Like a black Death of a Salesman, this play shares with Arthur Miller’s modern classic a powerful sense of society’s infinite betrayals of people’s aspirations and how easily they are derailed. But it also likewise has a very human understanding of the contribution individuals make to their own failures.

There are also comparably strong roles for the women who are trying to support the man: Noma Dumezweni and Novella Nelson are both heartbreakingly powerful as James’ wife and mother. They, and the play, are not to be missed.

– Mark Shenton


NOTE: The following FIVE-STAR review dates from July 2001 and this production’s original run at the Young Vic. Check back shortly for updates on the new run. For further casting information, see current performance listings.

When was the last time we saw a play specifically addressing the
contemporary black experience at the National Theatre, I wonder?

A recent two-week run of a stage version of the Asian epic, The Ramayana, co-produced with Birmingham Rep, doesn’t really count; though there are plans, apparently, to stage August Wilson‘s Jitney on the South Bank soon, they seem too busy with revivals to tackle anything that might resonate beyond the concerns of the mailing list.

So it’s left to the increasingly resourceful and challenging Young Vic, under the artistic directorship of David Lan, to revive one of
the landmark works of 20th-century black drama, which – for all its power and passion – is all too rarely seen. (The last London revival was a decade and a half ago, at North London’s Tricycle).

But as Lan (who also directs) proves, this inspirational drama about an
aspirational black family, three generations of which are living in a shared house in Chicago’s Southside, has both a universal appeal and a riveting, often overwhelming, dramatic force.

It’s the care, compassion and craft with which its young author, Lorraine Hansberry, painted this searing portrait of a family’s struggle – from grabbing a slot in the shared bathroom to grabbing at larger dreams – that defines this rich and characterful play.
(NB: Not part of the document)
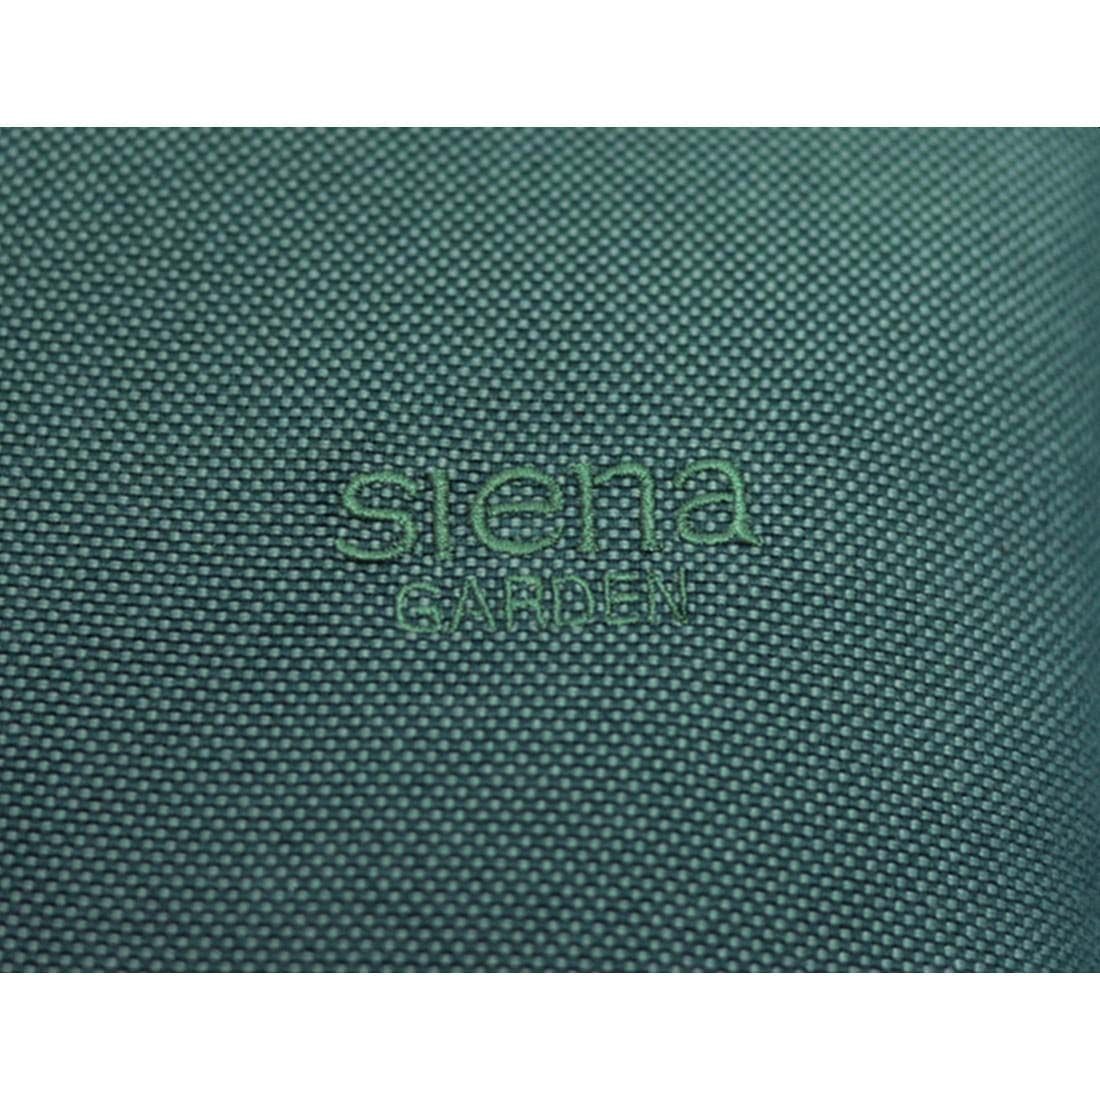 Siena Garden Musica Standardauflage 110x48x3cm Olefin

Even if it occasionally feels dated and a bit schematic, its humanity shines
through, especially here in the achingly true performances of
the terrific ensemble cast.

Imported from New York, Novella Nelson is tremendous as the formidable matriarch, Lena Younger, who is expecting a $10,000 insurance cheque from her husband’s death when the play begins.
Everyone is pinning their own dreams on it: her son, Walter Lee (the
excellent Lennie James), wants to go into business running a liquor store with a couple of friends; her daughter, Beneatha (Kananu Kirimi), wants to go to medical school. Meanwhile, Lena herself desires to move her family to a new home – and finds and buys one. The snag is that it’s in an all-white neighbourhood, and the representative of the resident’s welcoming committee, Karl Lindner (William Chubb), points out that the only welcome he has to offer is a financial incentive to stop them moving there.

Originally produced on Broadway in 1959, this was Hansberry’s first play and she made history as the first black female playwright to be seen there; and when it won the New York Critics Circle Award, she became the first black playwright, the fifth woman and the youngest ever American to win it. Her career was, however, cruelly cut short when she died, aged just 34, on the day that her second staged play closed.

But even if her legacy was merely A Raisin in the Sun, it’s a thrilling one; and it’s wonderful to have the play back in London.